**INSTRUCTIONS TO FOLLOW:**
When you write out the listing, keep every word as it stands and drop the pictures.

**COLLECTED MATERIAL:**
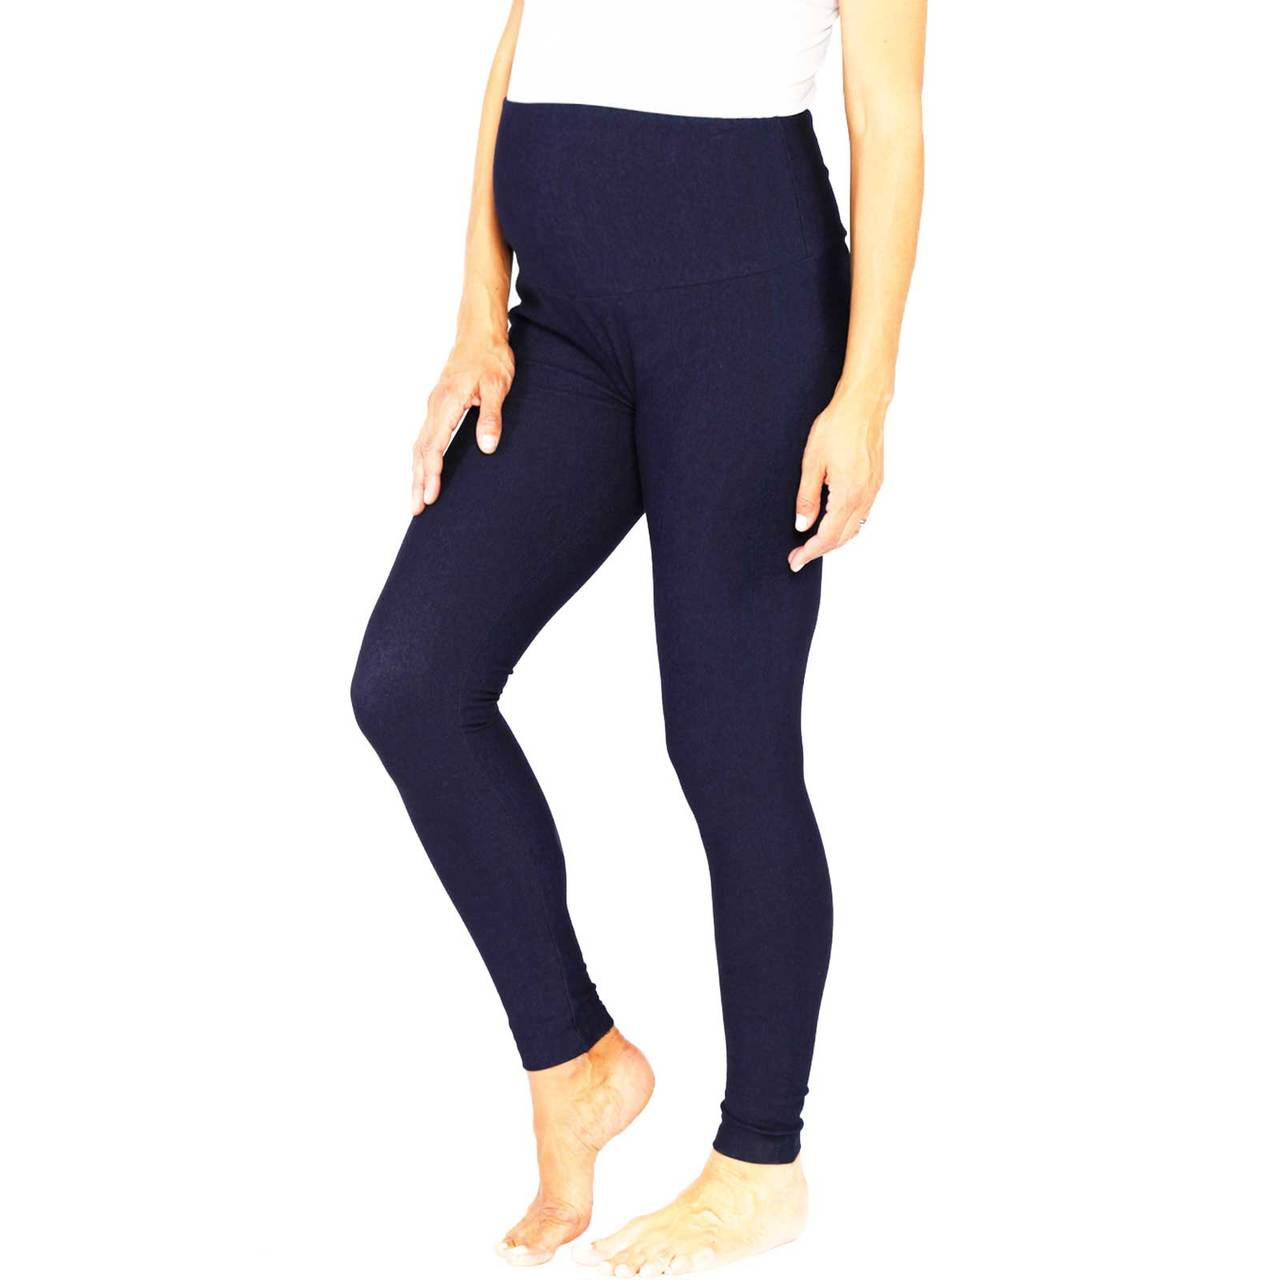 f886d28c558 Angel Maternity High Waisted Navy Denim Jeggings - Buy Pregnancy Pants
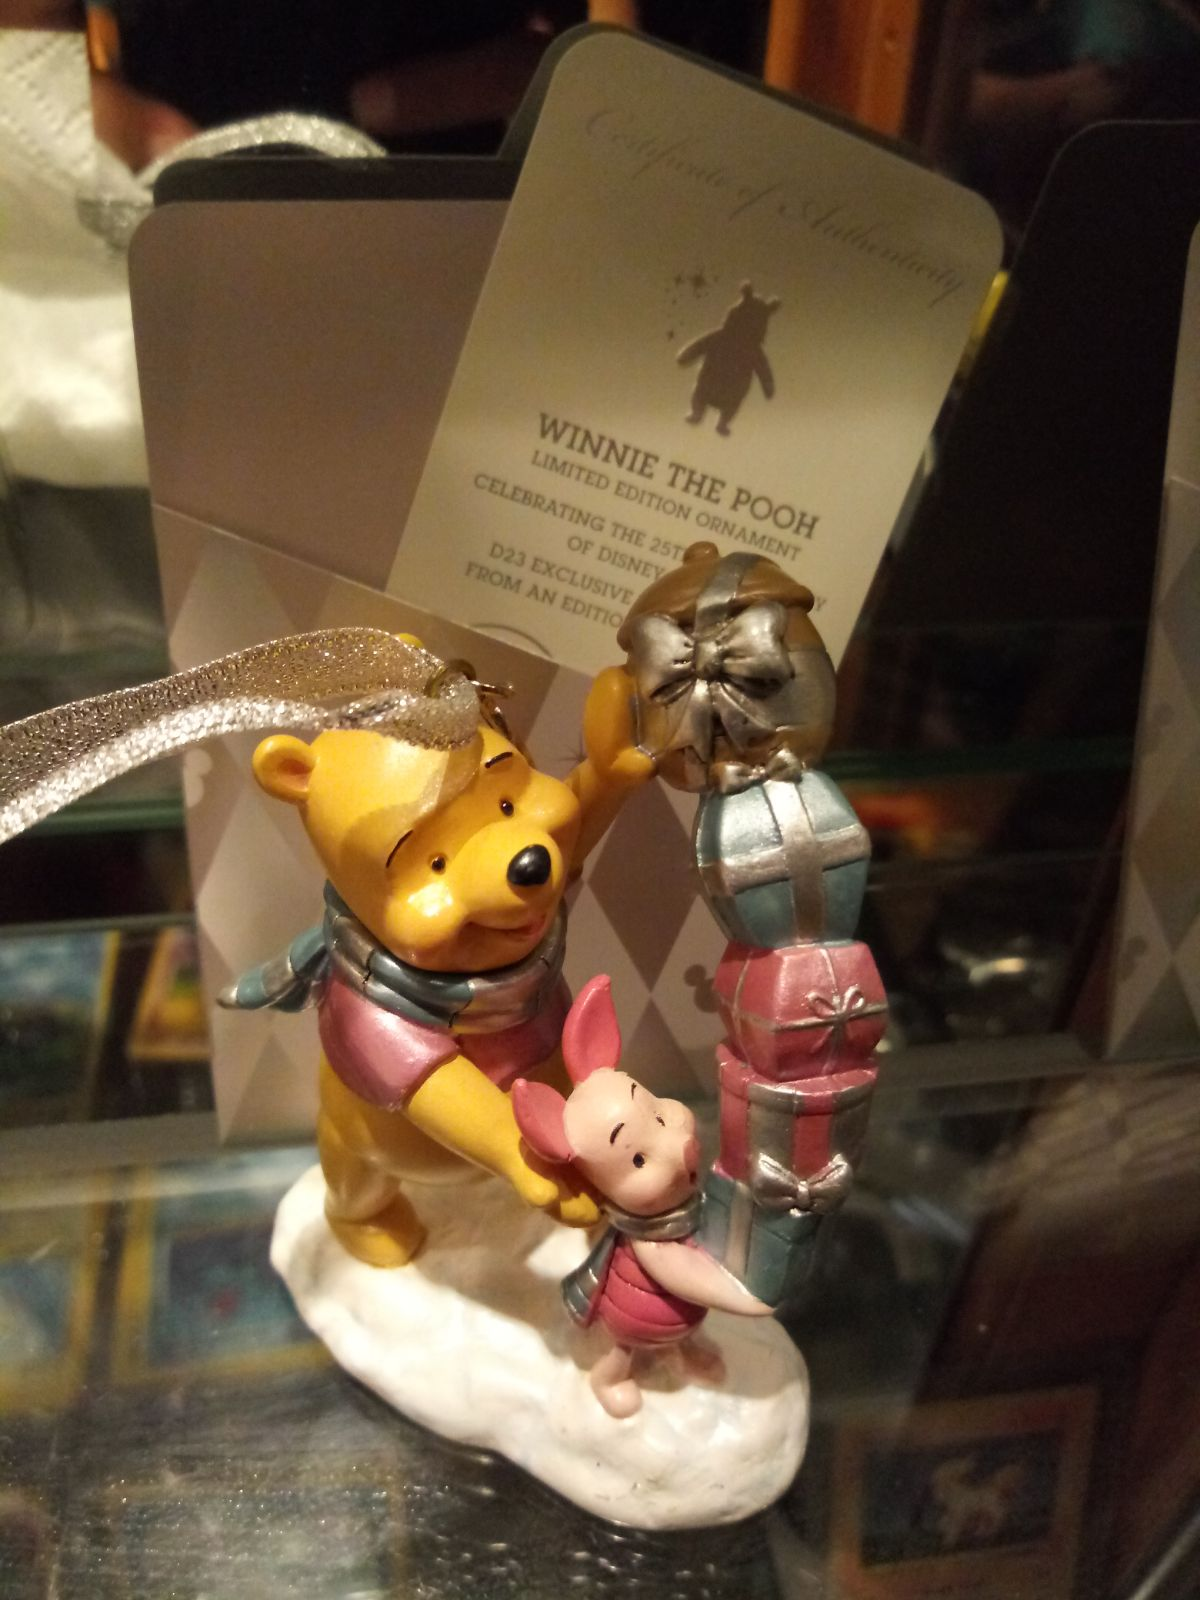 Diney winnie the pooh ornament
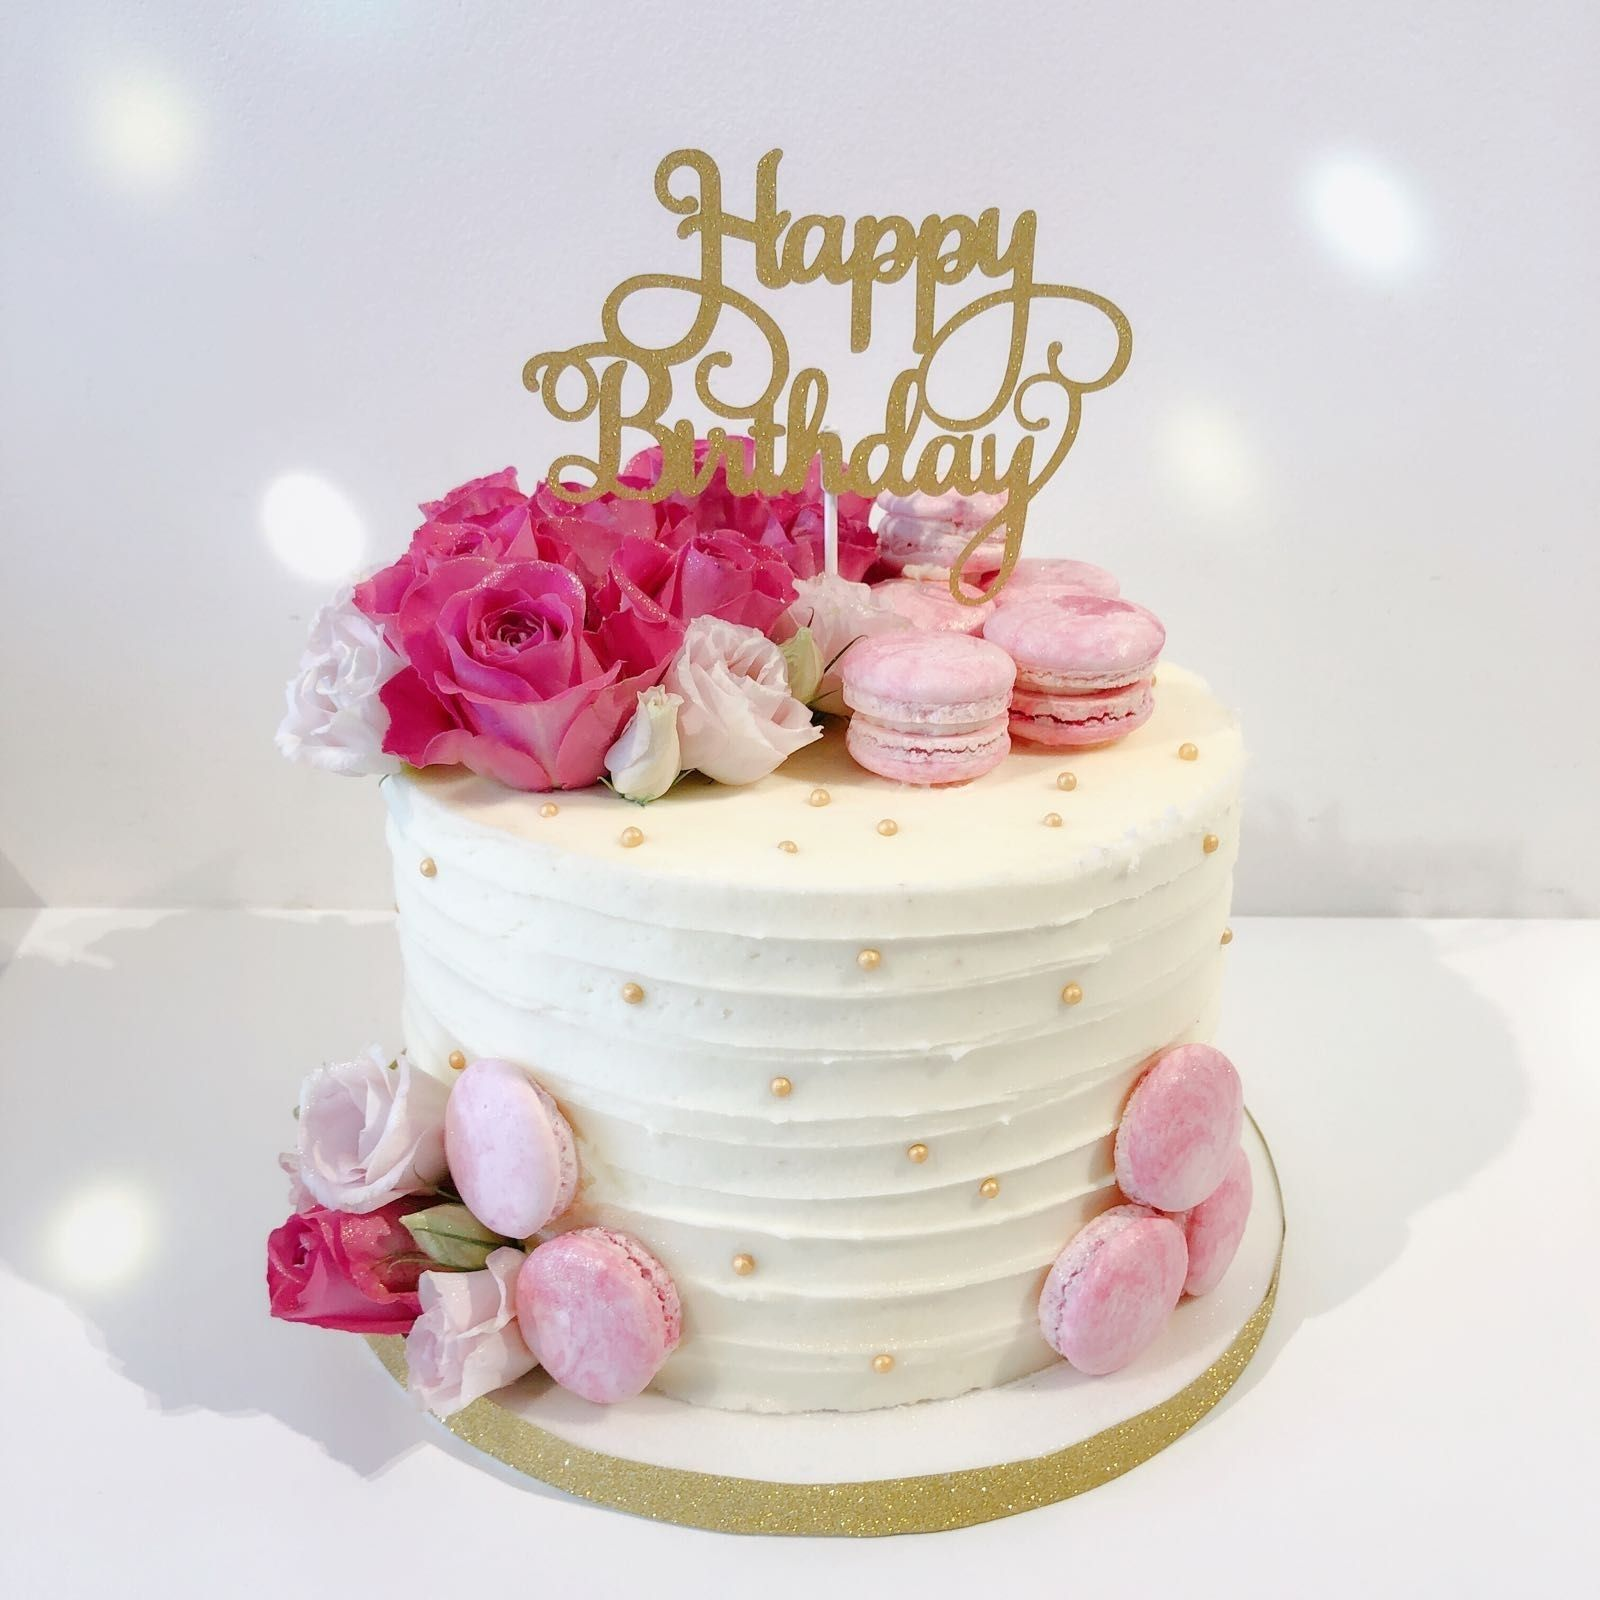 Happy Birthday Beautiful Cake For Birthday Ideas In 2020

**ANSWER TO THIS EXERCISE:**
 f886d28c558 Angel Maternity High Waisted Navy Denim Jeggings - Buy Pregnancy Pants
 Diney winnie the pooh ornament
 Happy Birthday Beautiful Cake For Birthday Ideas In 2020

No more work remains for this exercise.